As to YOLOv3 series models in Table 1, given the same input image size, the precision performance of YOLOv3-tiny was far below that of YOLOv3 model (mAP of 0.772 versus that of 0.921). We argue that the reason lies in the YOLOv3-tiny's backbone net, where more shorter and simplifier architecture rather than residual style block and 3-layer multi-scale feature map output was designed. However, from another aspect, with the same configuration and same input size, the time consumption of YOLOv3-tiny was only 16% of that of YOLOv3, and the inference time nearly 50% as well, as listed in Table 2. In addition, the input image size also influences the model performance more or less. The precisions of YOLOv3 series models were comparable, and that of YOLOv3_320×320 was slightly better. This also reflects to a certain extent that YOLOv3 method is not so sensitive to the size of input image for our leukocytes datasets.
Table 2. Comparison of time consuming using different models.
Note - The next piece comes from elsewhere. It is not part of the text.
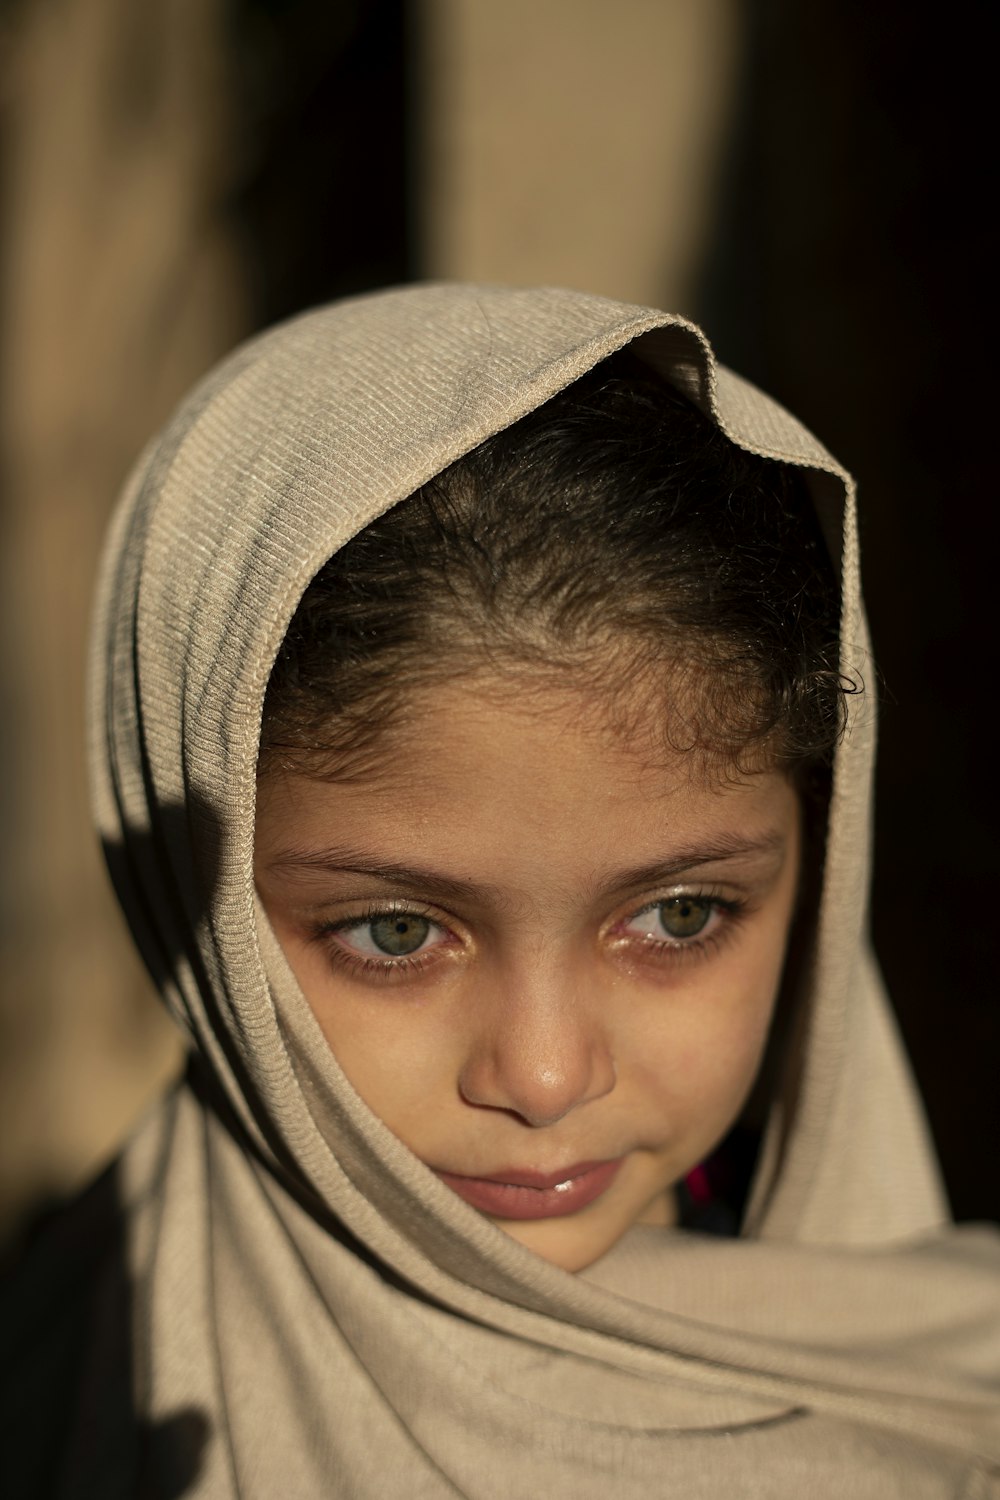 30k+ Muslim Child Pictures | Download Free Images on Unsplash

Models | mAP | Training time (h) | Inference time (ms) |
---|---|---|---|
SSD300×300_Smin = 0.1 | 0.831 | 101.3 | 53 |
SSD300×300_Smin = 0.2 | 0.931 | 101.1 | 53 |
SSD512×512 | 0.687 | 123.2 | 100 |
YOLOv3_320×320 | 0.925 | 60 | 14 |
YOLOv3_416×416 | 0.921 | 60.2 | 23 |
YOLOv3_608×608 | 0.919 | 61 | 43 |
YOLOv3_tiny_416×416 | 0.772 | 9.5 | 14 |
The second column is the performance value of mAP. The third column is the time (in hours) required to train the model with a CPU i7-6700 (3.40 GHz), RAM 16 GB, GPU NVIDIA GTX 1080Ti (11 GB) while the last column is the average time (in ms) used by the model for each image inference with GPU NVIDIA GTX 1080Ti.
Inference time
In general, a good detector is often regarded as a compromise between precision and detection speed. Here the mAP, training time and inference time are summarized in Table 2. SSD300×300_Smin reached the first mAP score but the inference time was only 53 ms per image, i.e., 19 frames per second while YOLOv3_320×320 achieved the second mAP (0.6% behind the first one) with a inference time of 14 ms per image (70 frames per second).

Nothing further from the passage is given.